**Given entries**

"""

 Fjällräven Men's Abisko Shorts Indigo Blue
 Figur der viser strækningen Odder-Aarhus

"""
"""

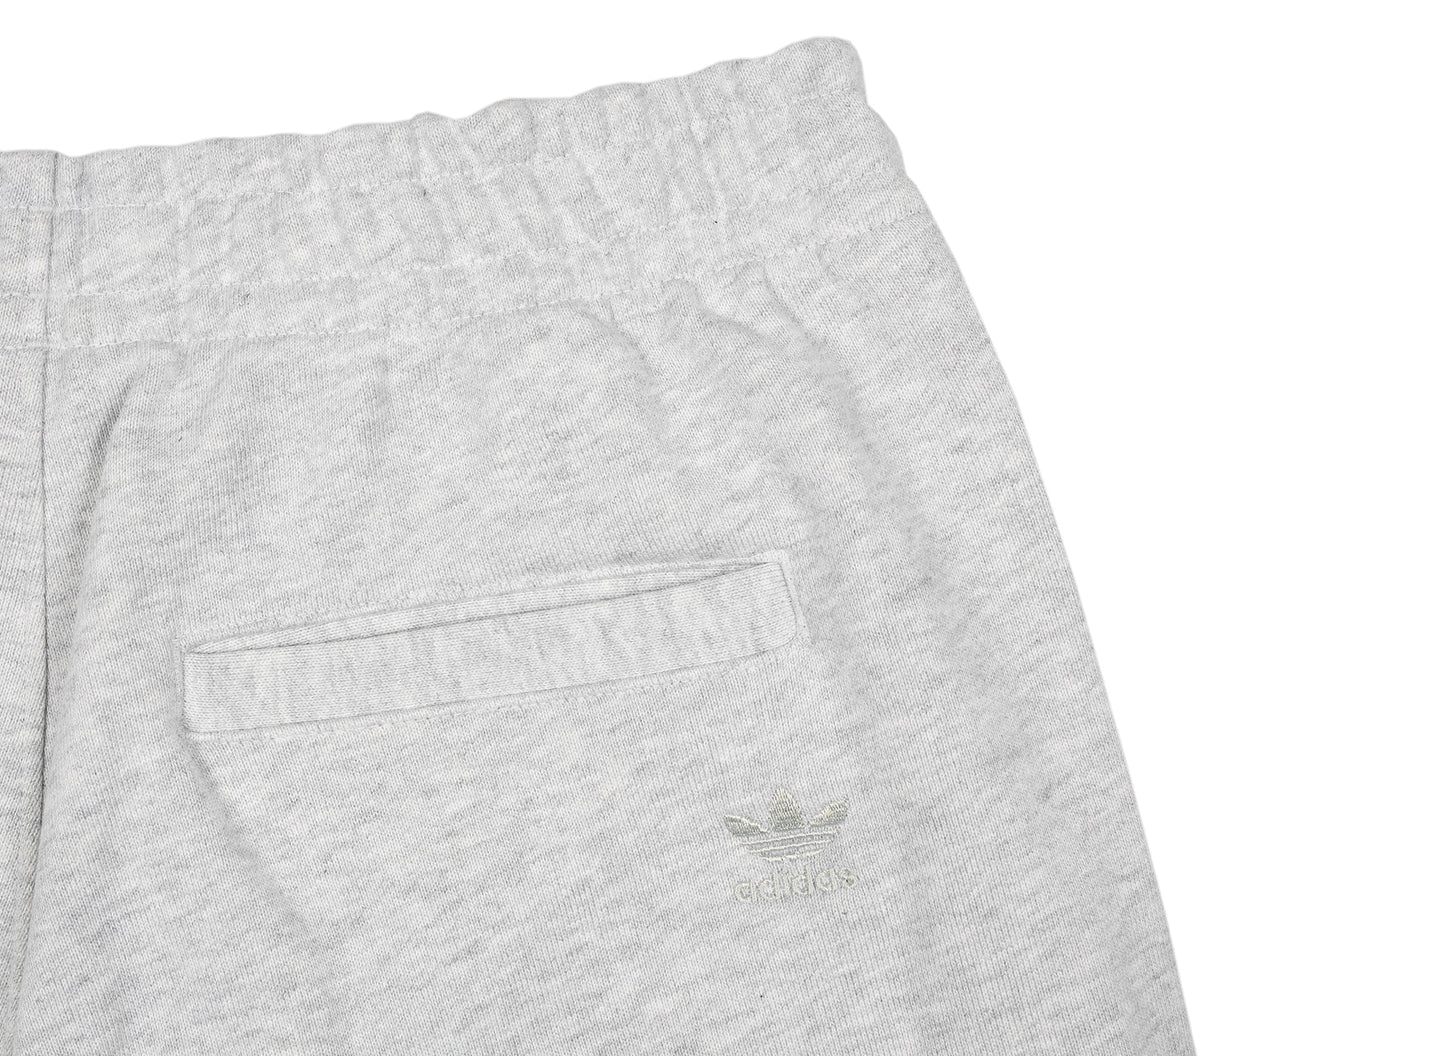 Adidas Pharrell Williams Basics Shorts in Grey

"""

**Work task**
Lines to set down from above: the line with "Fjällräven Men's Abisko Shorts Indigo Blue", the line with "Figur der viser strækningen Odder-Aarhus", and every line between, each exactly as written.

**Solution for this exercise**
 Fjällräven Men's Abisko Shorts Indigo Blue
 Figur der viser strækningen Odder-Aarhus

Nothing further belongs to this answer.